The following details are also the results of inquiry. Acacius was conspicuous among the bishops; he had already previously administered the episcopate of Beroea in Syria. There are of course many actions of his, which are worthy of record. He was from his youth brought up to the profession of ascetic monasticism, and was rigid in observing all the regulations of this mode of life. When he was raised to the bishopric, he gave this evidence of greatest virtue, in that he kept the episcopal residence open at all hours of the day, so that the citizens and strangers were always free to visit him, even when he was at meals or at repose. This course of conduct is, in my opinion, very admirable; for either he was living in such a way as to be always sure of himself, or he devised this as a means of preparation against the evil in one's nature, so that in expecting to be caught by the sudden entrance of persons, it would be necessary for him to be on continuous guard, not to err in his duties, but rather to be engaged in covenanted acts.

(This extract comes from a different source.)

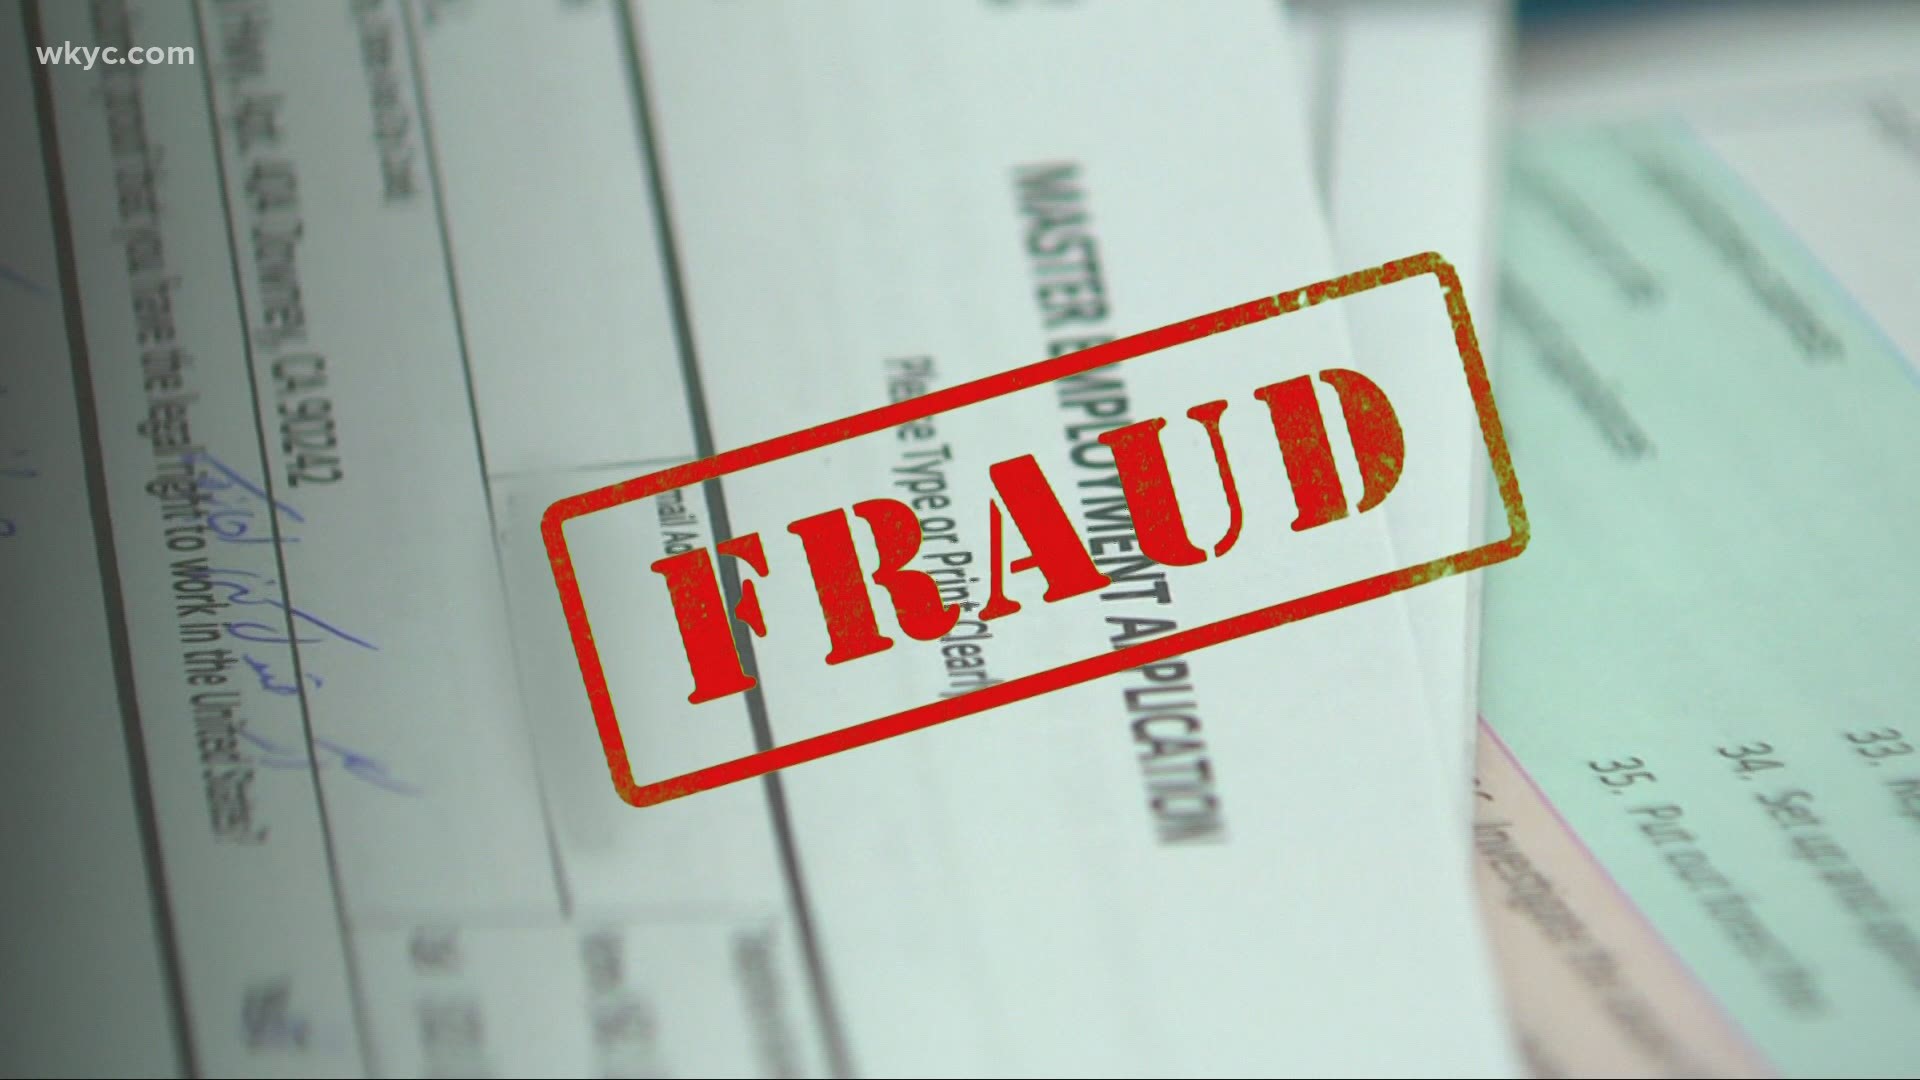 February 22, 2021: Here are three steps you can take right now if you believe you're a victim of fraud in Ohio's unemployment system.
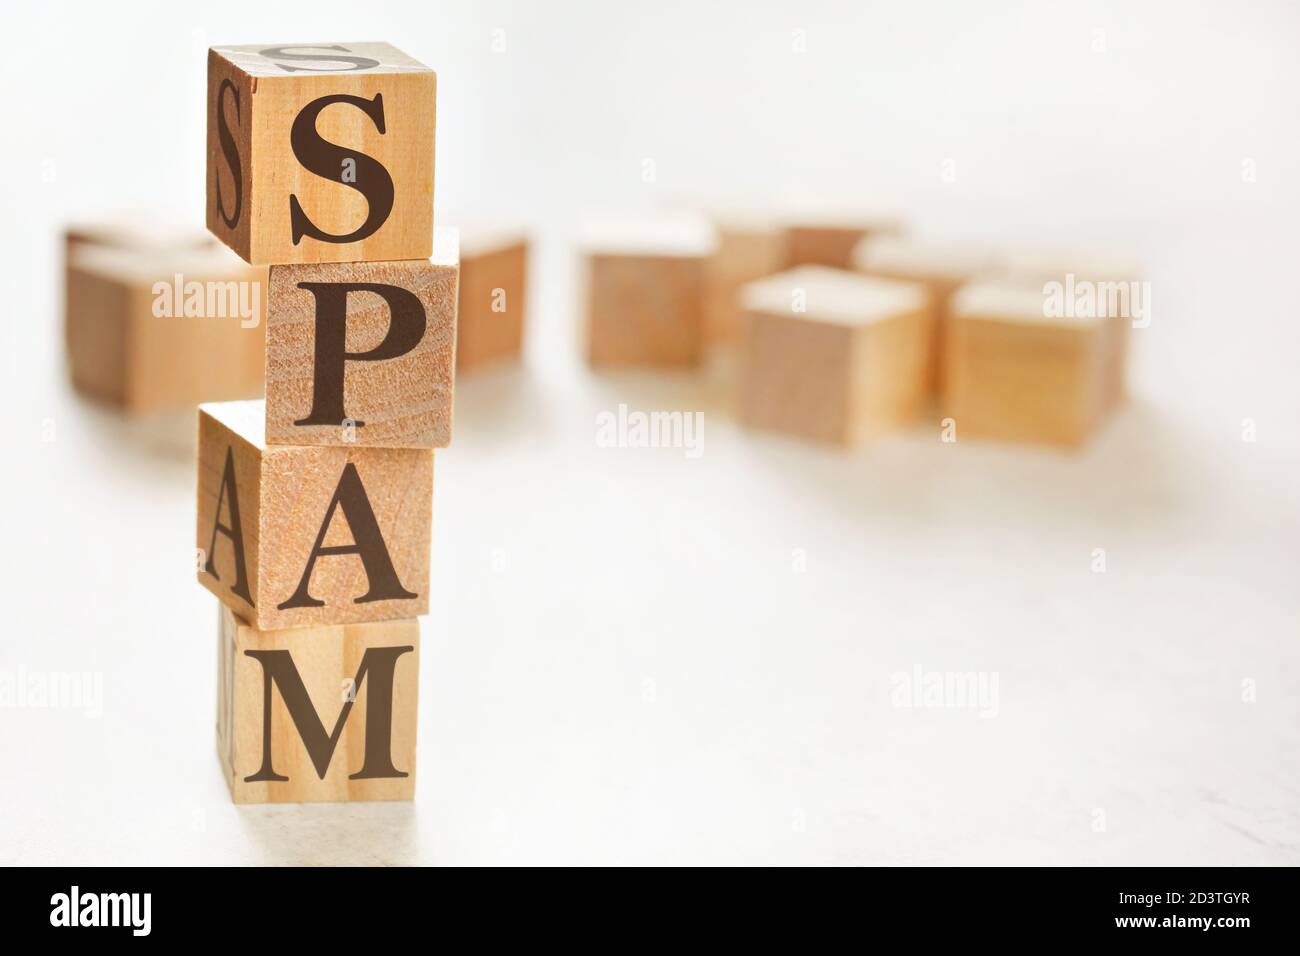 Four wooden cubes arranged in stack with word SPAM on them, space for text / image at down right corner Stock Photo

Zeno and Ajax, two celebrated brothers, flourished about the same period. They devoted themselves to a life of philosophy, but did not fix their abode as hermits in the desert, but at Gaza, a maritime city, which was also called Majuma. They both defended the truth of their religion with greatest fidelity, and confessed God with courage, so that they were frequently subjected to very cruel and harsh treatment by the pagans. It is said that Ajax married a very lovely woman, and after he had known her thrice in all that time, had three sons; and that subsequently he held no further intercourse with her, but persevered in the exercises of monasticism. He brought up two of his sons to the divine life and celibacy, and the third he permitted to marry. He governed the church of Botolium with propriety and distinction.
Zeno, who had from his youth renounced the world and marriage, persevered in steadfast adherence to the service of God. It is said, and I myself am witness of the truth of the assertion, that when he was bishop of the church in Majuma, he was never absent at morning or evening hymns, or any other worship of God, unless attacked by some malady; and yet he was at this period an old man, being nearly a hundred years of age. He continued his course of life in the monastic philosophy, but, by pursuing his trade of weaving linen, continued to earn the means of supplying his own wants and of providing for others. He never deviated from this course of conduct till the close of his life, although he exceeded all the other priests of that province in age; and although he presided over the people and property of the largest church.
I have mentioned these as examples of those who served as priests at this period. It would be a task to enumerate all where the main part of them were good, and God bore testimony to their lives by readily hearing their prayers and by working many miracles.